Она бежит через школьный двор, пересекает его и, выбежав из ворот школы, оказывается на бульваре, после чего ей предстоит перейти дорогу – улицу… одну! затем ещё бегом – другую!

И вот уже Катя на горке! И с неё виден её дом!! И ведущая к нему дорожка! Наискосок – мимо детской площадки и старой тропарёвской берёзы…

И Катя бежит! – летит! – по дорожке!! – мимо детской площадки и берёзы – такой солнечной! – тончайшие ветки её все в мелких бледно-жёлтых листочках… – плакучей…

Летит, как поросёнок Пятачок со своим зелёным шариком! Только без шарика…

Но зато в красных вельветовых тапочках на шнуровке и на мягкой светлой подошве…

И без куртки. И даже без кофточки своей!! – красной шерстяной… Ведь директор запретил…

Хорошо ещё, что не так холодно – а ведь уже осень…

Катя бежит! – летит!! – не разбирая дороги и не ощущая собственного тела! – а ощущая только его – этот полёт!! – и этот осенний воздух – свежий, лёгкий и вместе с тем упругий и плотный – странно, непривычно и одновременно приятно холодящий руки и грудь сквозь тонкую ткань коричневого платья… – и плачет.

– Девочка, ты куда?..

Если вас спросят – не отвечайте.

Куда?
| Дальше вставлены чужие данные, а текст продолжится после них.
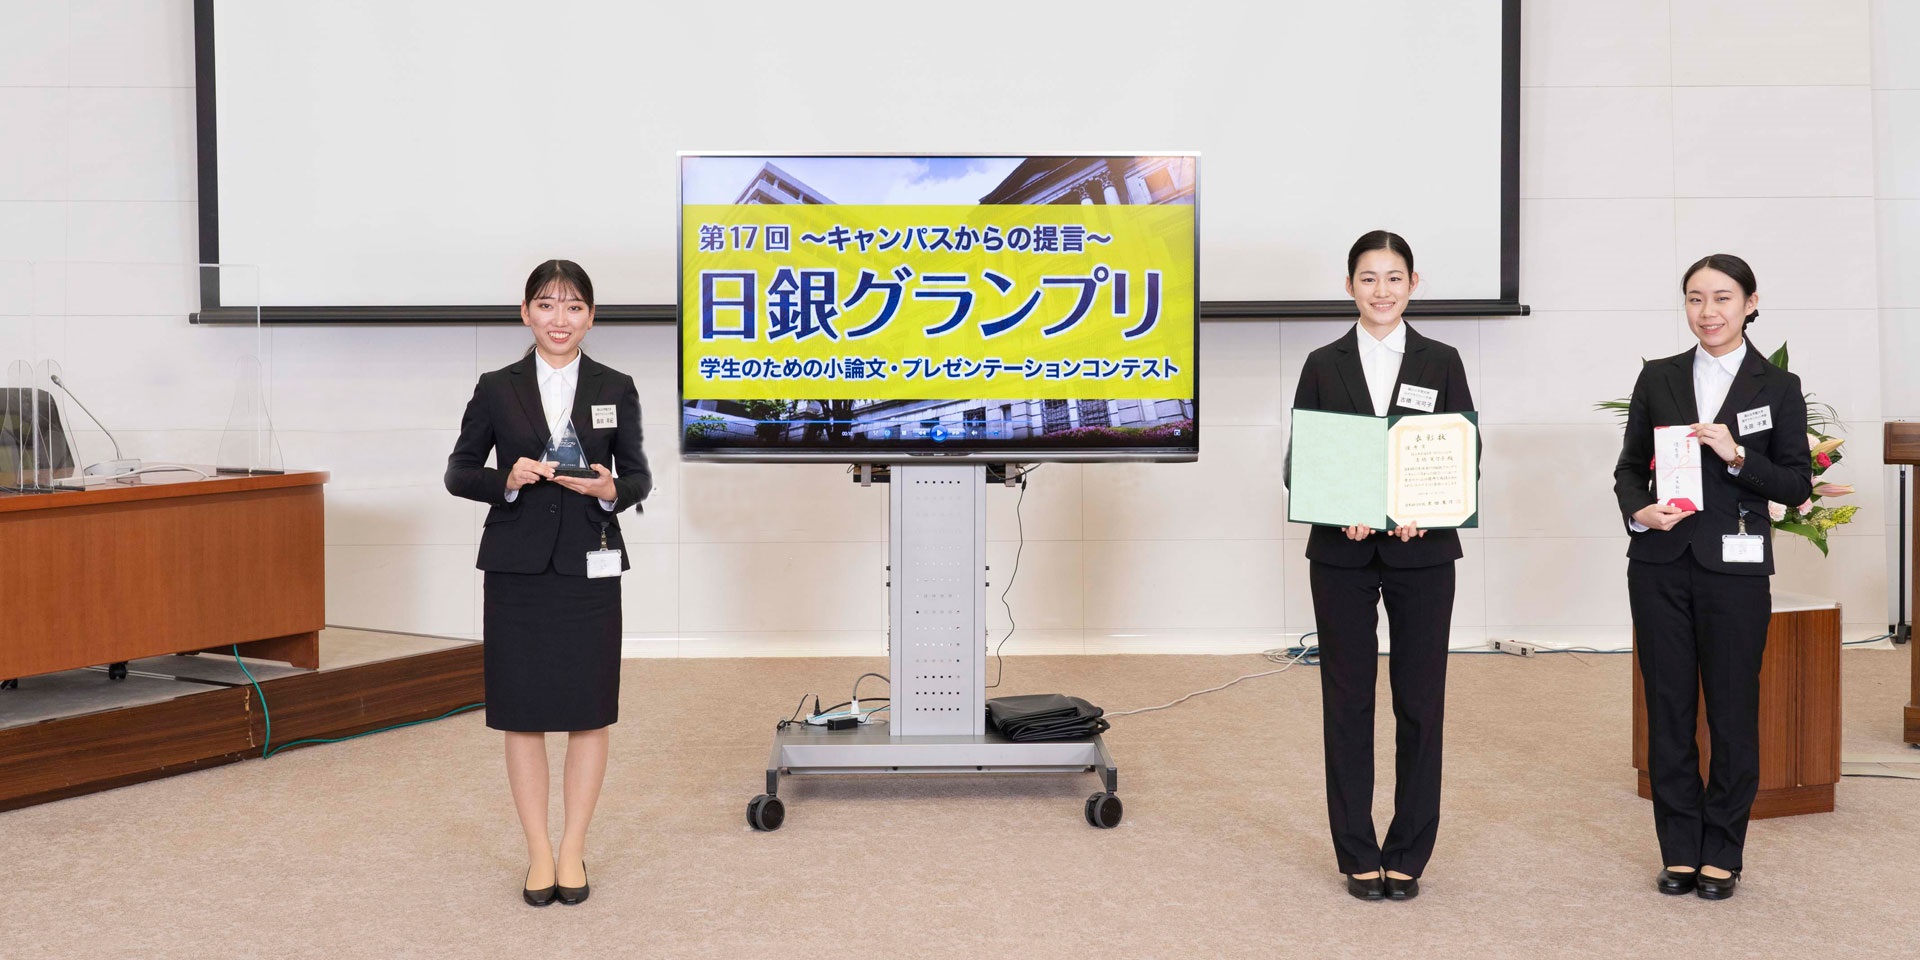 椙山女学園大学チームの学生3人が、間隔を空けて横一列に起立して記念撮影している様子

Какая теперь разница, куда… Главное – откуда.

Из «детства».

Откуда выгоняют шлепками, пинками, тумаками и оплеухами.

Выводят за покрасневшее ухо – с позором.

Выволакивают за шкирку. Выталкивают взашей.
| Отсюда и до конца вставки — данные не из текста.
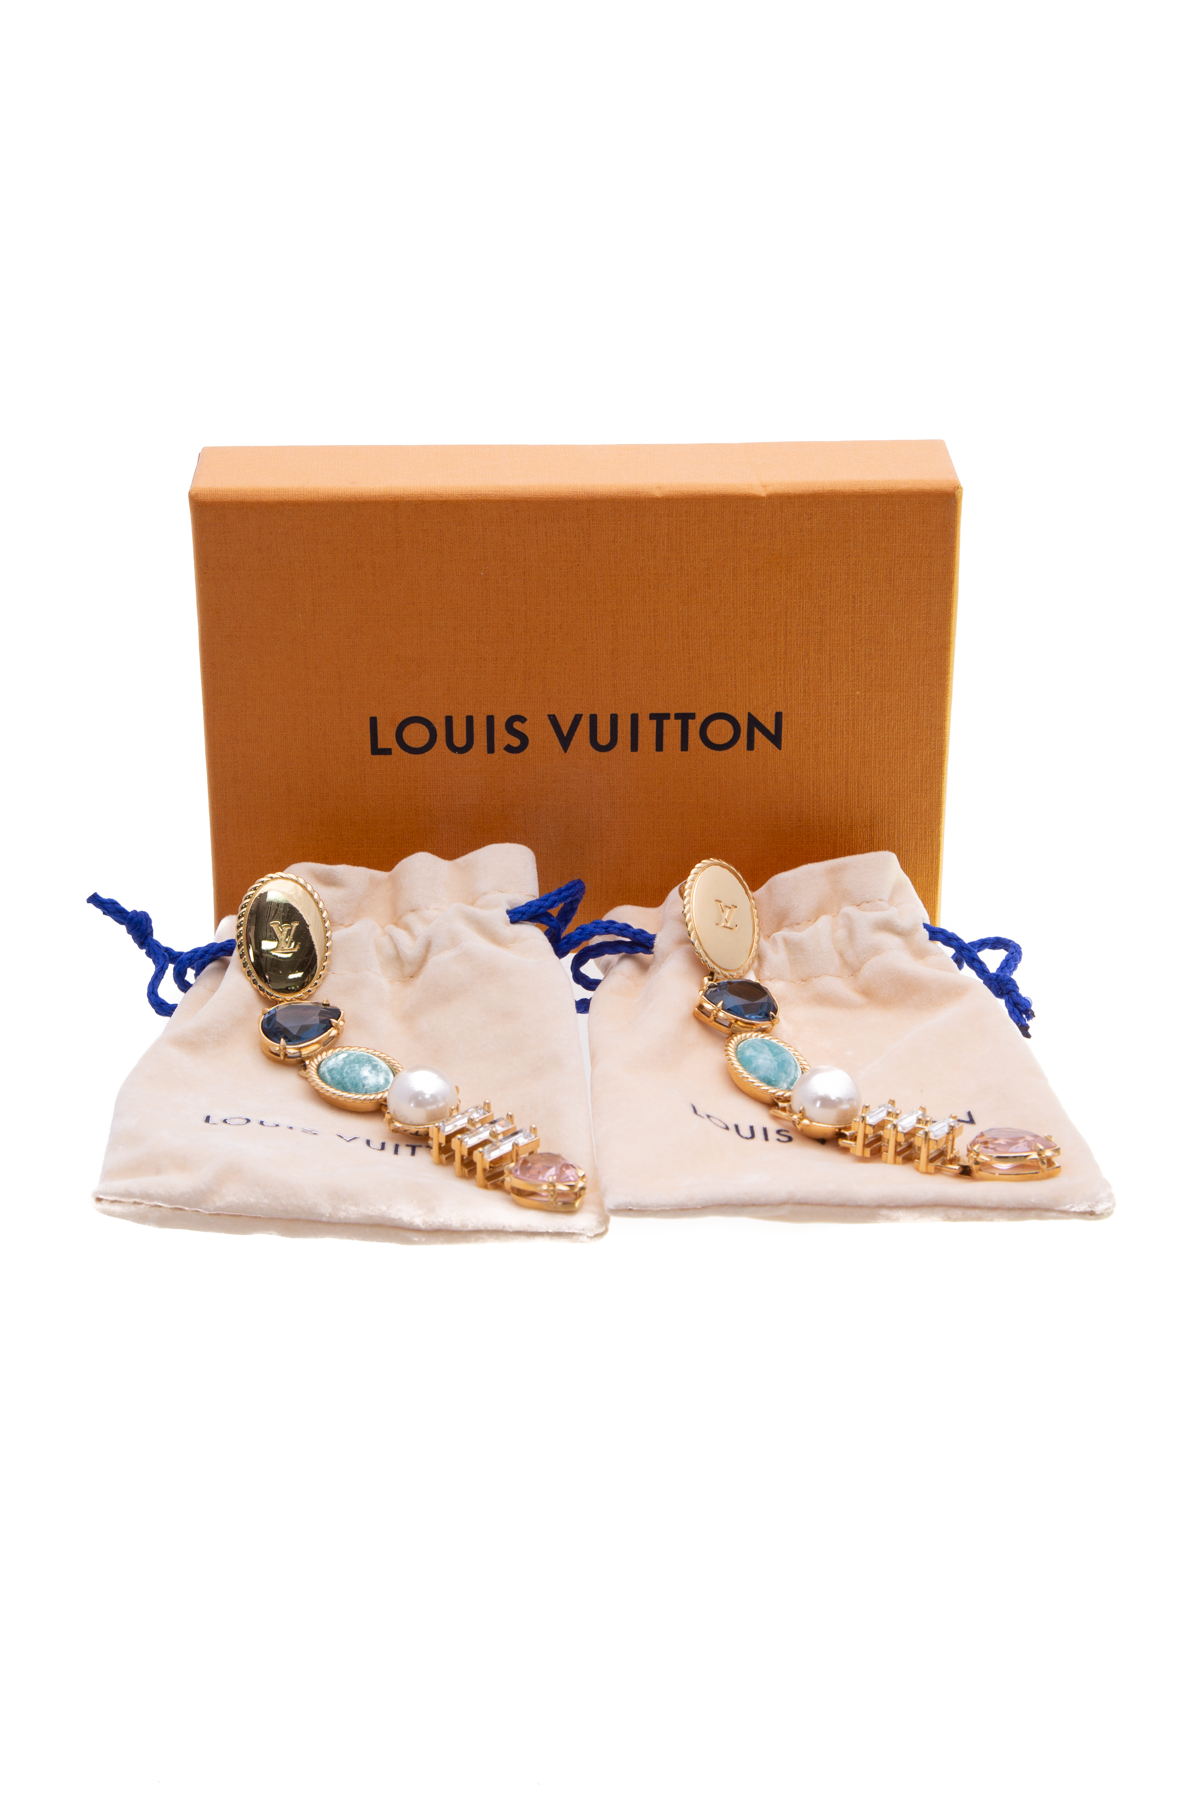 Louis Vuitton, Jewelry, Louis Vuitton Earrings

Вытягивают клещами. Щипцами. Выдавливают.

Выпихивают.

С плачем и криками.

И какая разница, кто кричит и плачет кто… ты ли, тот ли, кто тебя выгоняет…

Вам всё ещё хочется назад – «в детство»?

Вам всё ещё хочется обратно – туда?

Бегите, милые, бегите. Бегите без оглядки. Оттуда.

А неважно куда.

Не смотрите назад и никогда, слышите – никогда! – туда – не возвращайтесь.

И, если вас спросят – или лучше сказать «когда» – потому что это обязательно произойдёт, обязательно случится! – так вот, когда вас спросят: «Девочка, ты куда?..» (ну или, скажем, «мальчик») – и попытаются остановить, задержать, вернуть, – ничего им не отвечайте! имеете полное право! – не останавливайтесь, не задерживайтесь и не возвращайтесь – бегите!

Бегите! – летите! – сейчас! Иначе потом всё равно придётся – придётся бежать и лететь! – только уже «из Шоушенка»8 или из другого какого-нибудь «гнезда кукушки»9.

И без конца себя спрашивать, без конца повторять: «Тварь я дрожащая или право имею…»10 – и не находить ответа.

Нет, убивать никого не нужно, боже упаси!.. Но – бегите! Бегите!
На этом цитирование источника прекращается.